Securities Fraud: Ex-SWS Financial Services Broker Faces Improper Trading Charges, Ex-Fox Commentator Settles Penny Stock Scam Case, and Former Investment Adviser Gets 7-Years in Prison

FINRA Accuses Ex-Broker of Unsuitable Trading Involving Mutual Funds
David Randall Lockey, a former broker, is facing Financial Industry Regulatory Authority charges for allegedly engaging in improper trading of customer accounts while associated with SWS Financial Services Inc. He is no longer with that firm, now called the Hilltop Securities Independent Network. According to the regulator, Lockey took part in “unsuitable short-term trading and switching” involving unit investment trusts and mutual funds in four accounts between ’12 and ’14.

Lockey purportedly made about $75,730 for himself and the firm while engaging in improper trading. Meantime, three of the four customers whose accounts he used sustained losses of $15,699. The fourth customer made a gain of almost $5,000.

FINRA said Lockey has not been registered with any broker-dealer since 2014.


Ex-TV Commentator Settles Penny Stock Fraud Charges with the SEC
The U.S. Securities and Exchange Commission is charging former FOX commentator Tobin Smith with fraud. According to the regulator, Smith, who is also a market analyst, and his NBT Group fraudulently promoted a penny stock to investors.

The SEC said that both Smith and his firm received payments to prepare and distribute e-mails, articles, blogs, and other communication promoting IceWEB Inc. stock. They purportedly failed to fully disclose they were receiving the compensation.

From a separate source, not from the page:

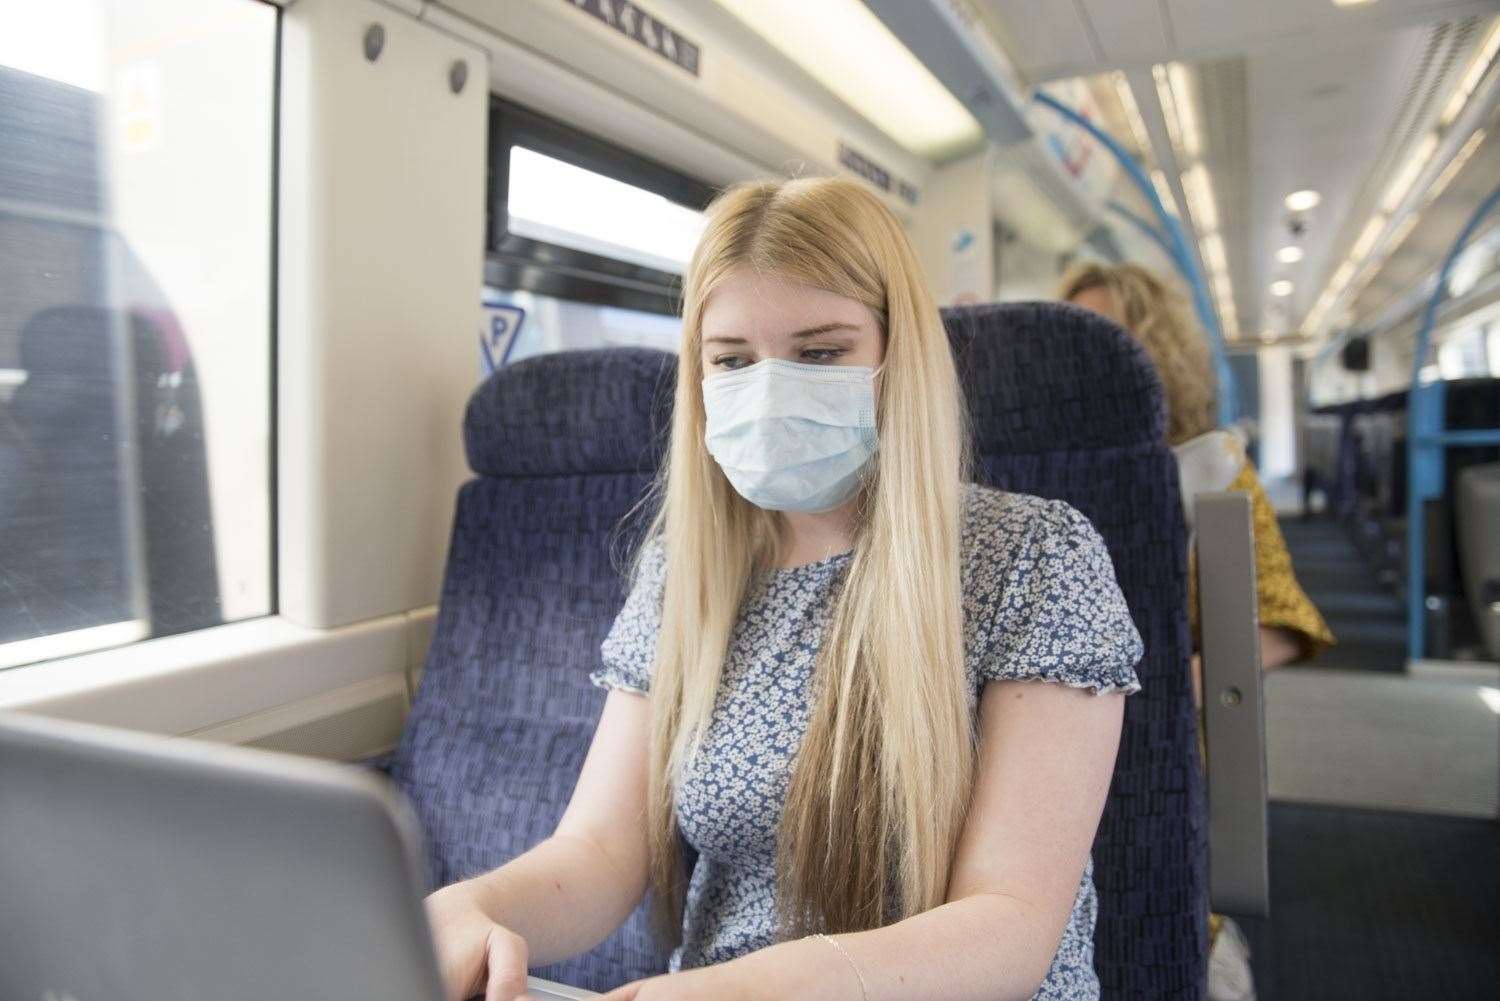 A Southeastern passenger wearing a face mask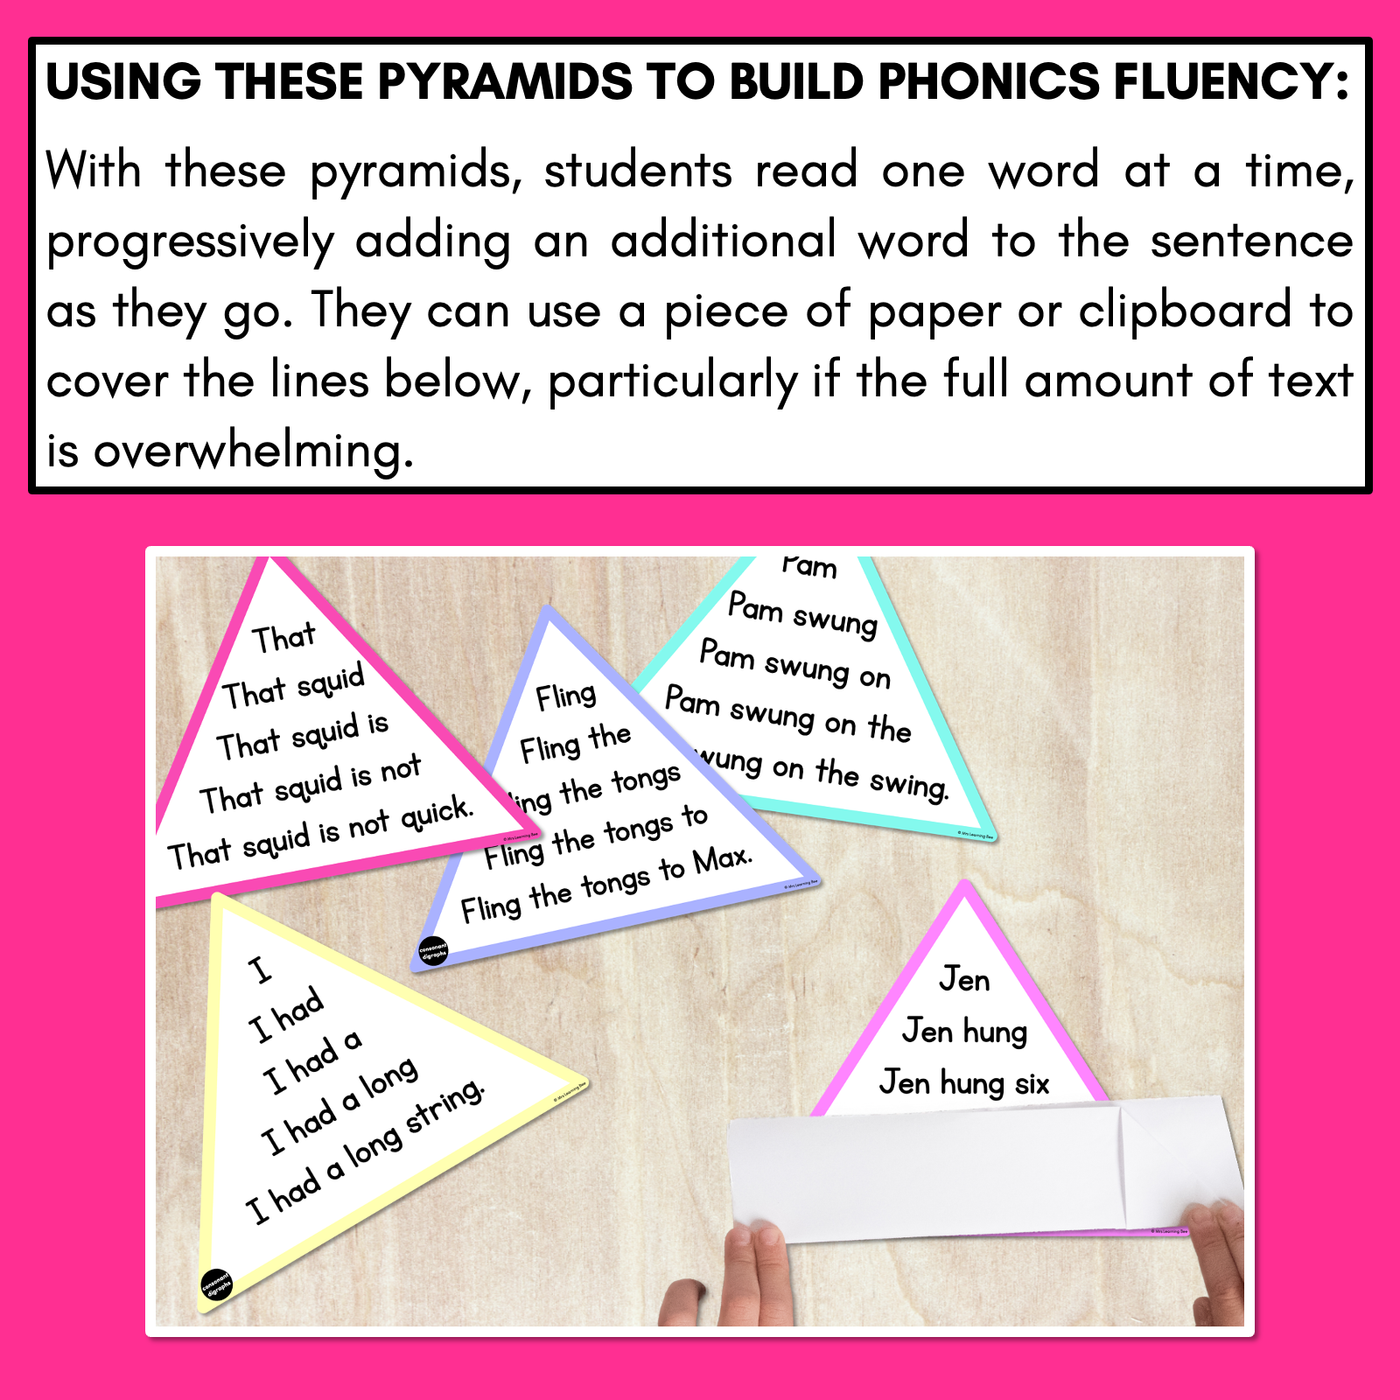 QU NG + X WORDS - Decodable Sentences Pyramids - Phonics Fluency

The investors were not made aware of that part of what Smith and NBT were paid was linked to a sustained rise in the data storage company’s share price. The Commission said that marketing materials the investors received included misleading and false statements put there to artificially up the share price and trading volume of IceWEB stock. For example, payment for promotional efforts was $300K and IceWEB stock. NBT could also make over $250K if marketing campaigns proved successful.